Since the United Nations’ Commission on the Limits of the Continental Shelf recognized Benham Rise as the Philippines’s newest territory in 2012, our country’s territory has increased to 43 million hectares from 30 million hectares.
Early oceanographic explorations since 2006 have shown that Benham Rise can be a significant source of food for Filipino fishermen since the area is known as a migration path of different fish including tuna. Last May 23, the group for the Benham Expedition 2016 sailed on the shallowest portion of the vast seamount, on board the government research vessel MV DA-BFAR.
With the help of Oceana Philippines’ remotely operated vehicles and technical diver-videographers, marine scientists from the Bureau of Fisheries and Aquatic Resources and University of the Philippines as well as technical divers from the Philippine Navy and the Philippine Coast Guard, the expedition was able to record a dazzling array of soft and hard corals, fish, algae and sponges.
“We saw terraces of corals as far as the eye could see. It’s so exciting to know that we have such a vast and pristine coral reef ecosystem within Philippine territory,” says Marianne Pan-Saniano, marine scientist for Oceana Philippines, the Philippine arm of Oceana, an international organization that conducts science-based campaigns and studies focusing on oceans.
According to Margot Stiles, Oceana’s director of science and strategy, in all the decades of their experience studying the ocean, this is the first time they have seen a reef such as the Benham Rise. During the exploration, the team documented a vast mesophotic reef ecosystem (a coral ecosystems that shows presence of both light dependent coral and algae, and organisms that can be found in water with low light penetration) with coral reefs found at depths of up to 150 meters. Scientists believe that the deep sea reefs can serve as a potential refuge for shallow reef fishes that could be affected by climate change.

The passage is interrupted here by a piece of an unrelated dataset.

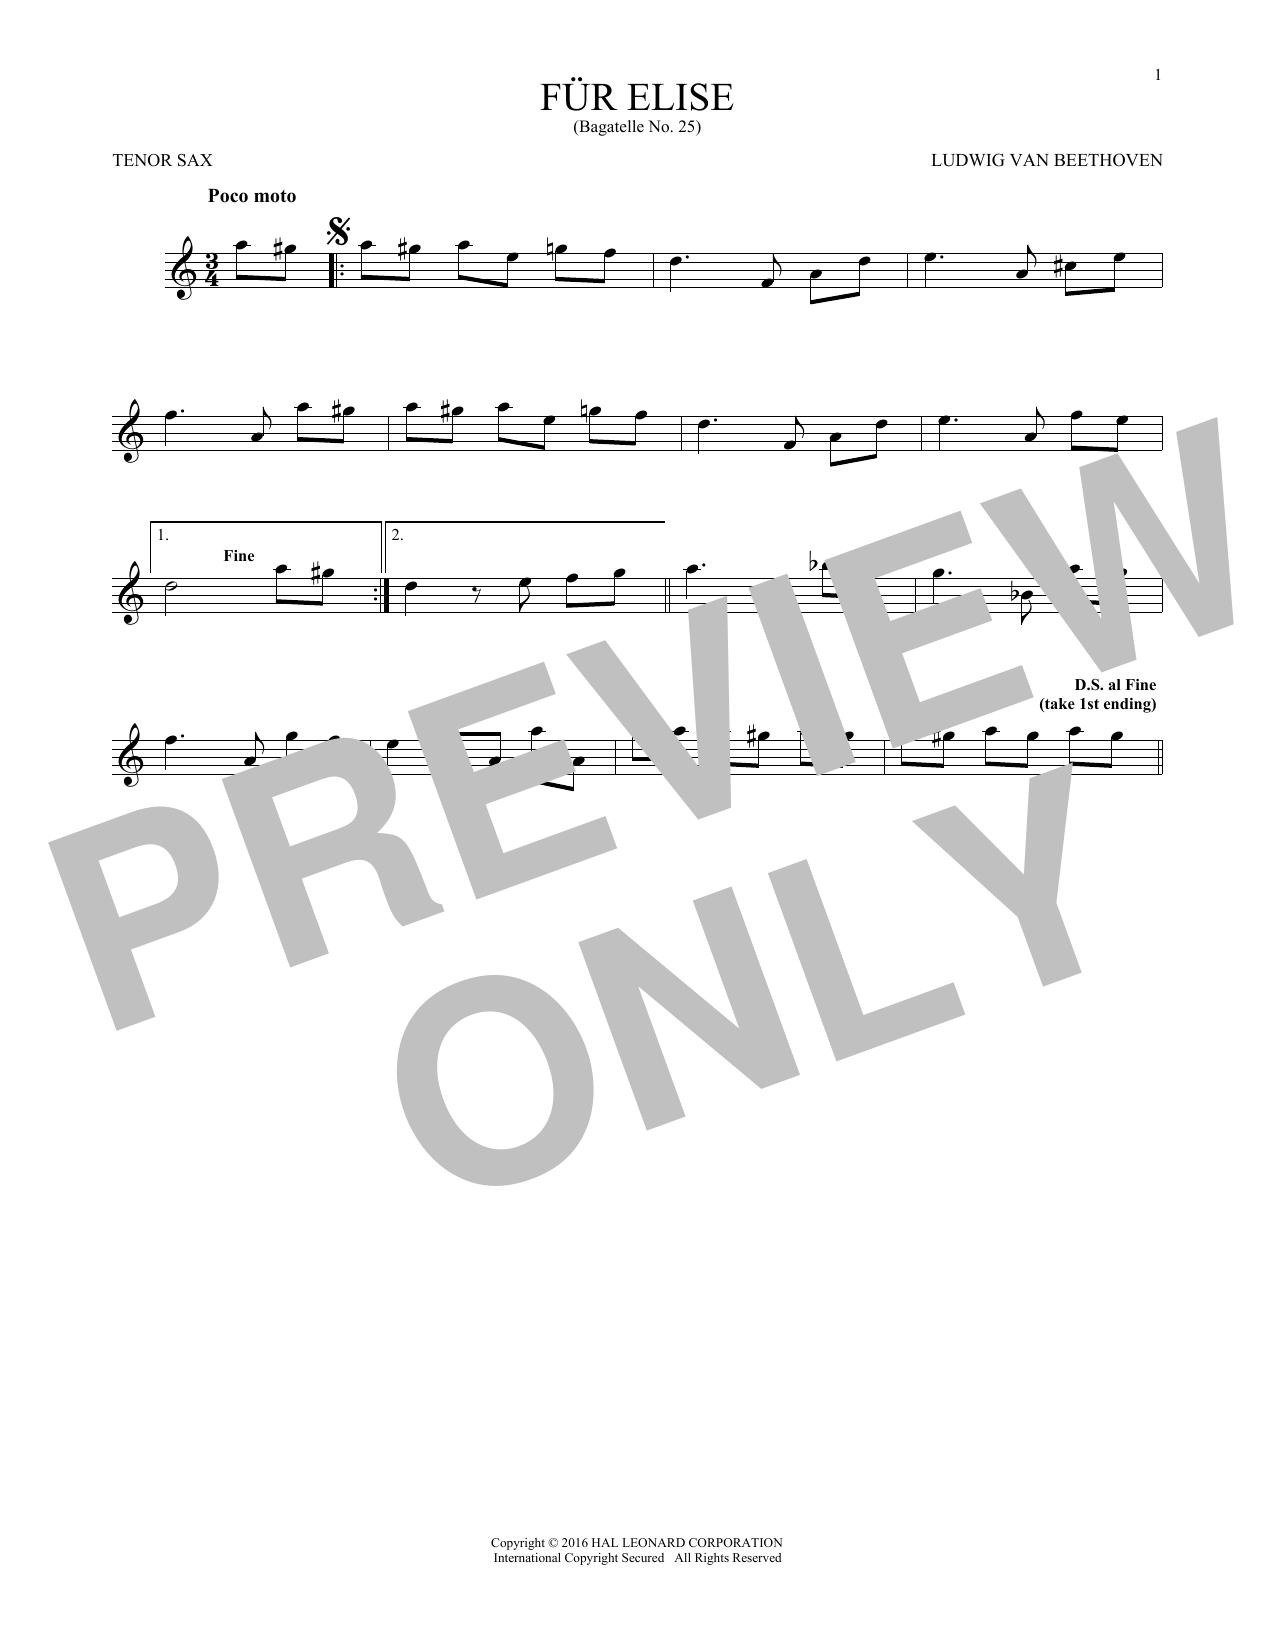 Ludwig Van Beethoven Fur Elise Woo 59 Sheet Music Notes Chords
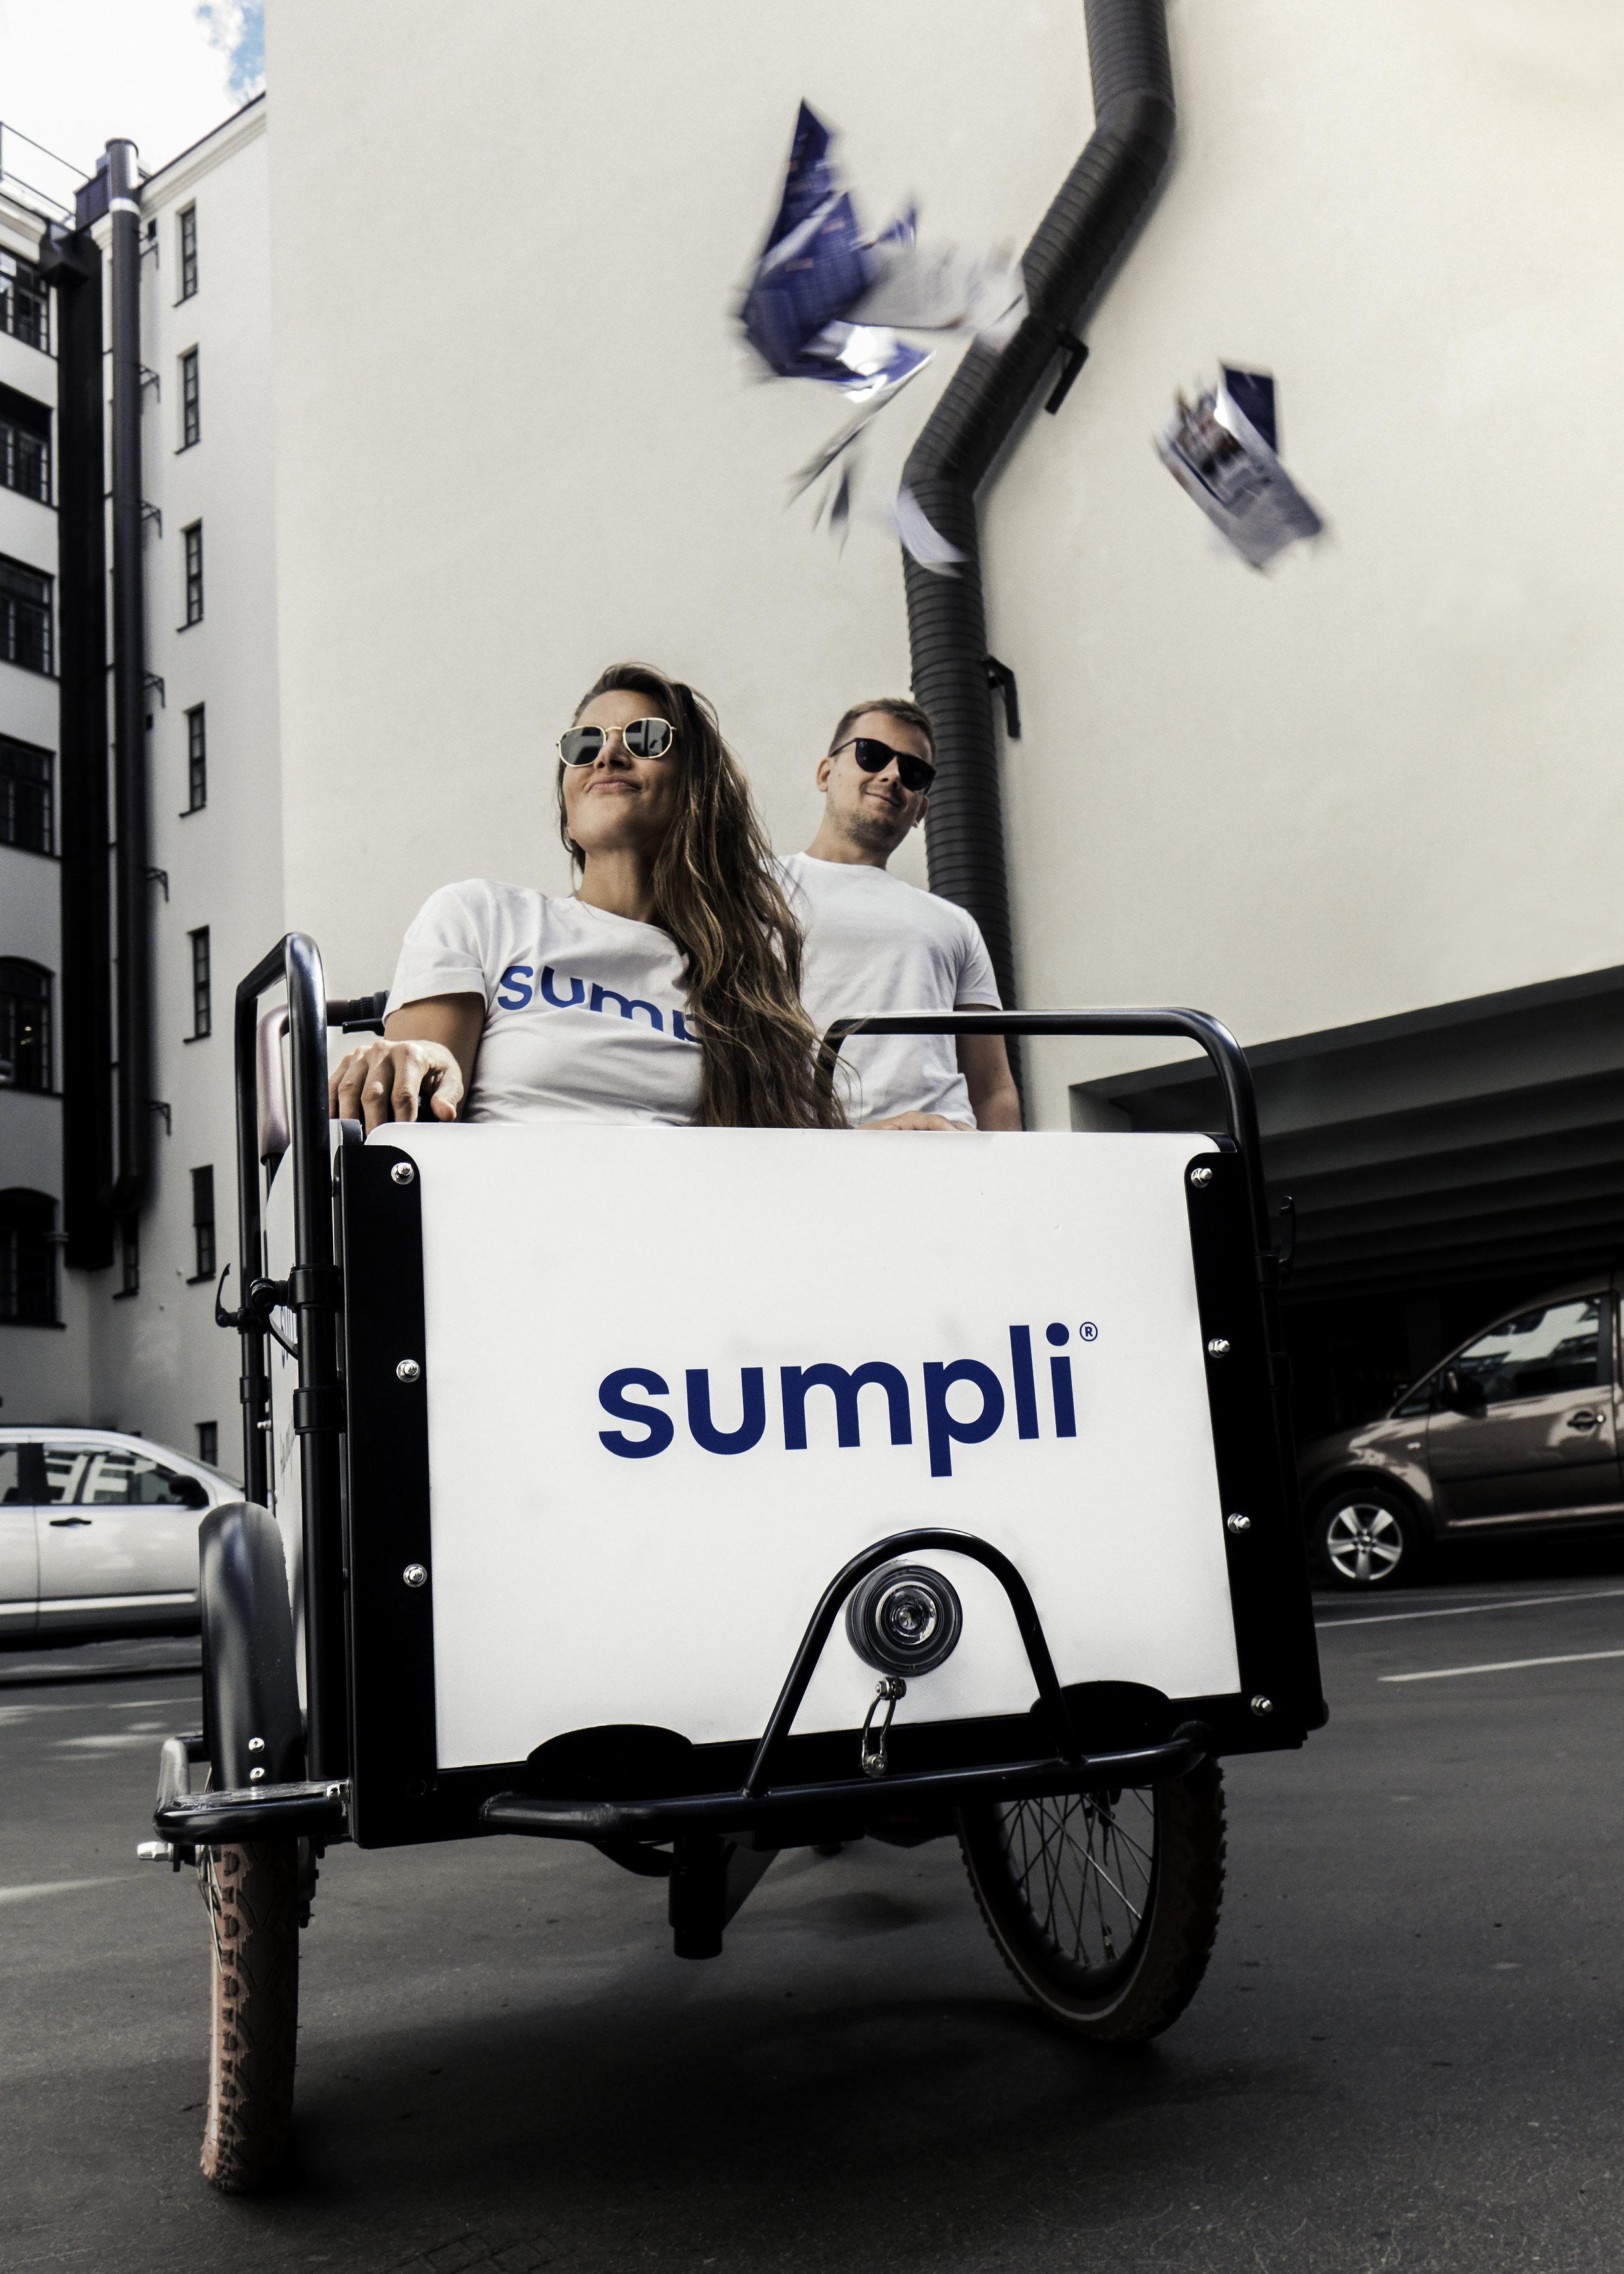 sumplifillari2.jpg

With the use of high tech equipment, the expedition team was able to extensively study the underwater terrain of Benham Bank covering 12 research stations, gathering many hours of video footage that are analyzed daily to compare data with the expedition in 2014 where they were only able to cover five stations and dive for 25 minutes. The group used a remotely operated vehicle (ROV) that took underwater photos and videos for two hours on a daily basis and deployed an equipment called the baited remote underwater video system (BRUVS) that measures fish populations.
“Benham Bank holds tremendous potential for discovering more unique species and outstanding samples of marine resources. Based on the huge success of this expedition, and the inspiring collaboration among the partners, we foresee government and stakeholders working together to protect and sustainably manage this extraordinary natural heritage which is now part of our territory,” says lawyer Gloria Estenzo Ramos, vice president for Oceana Philippines.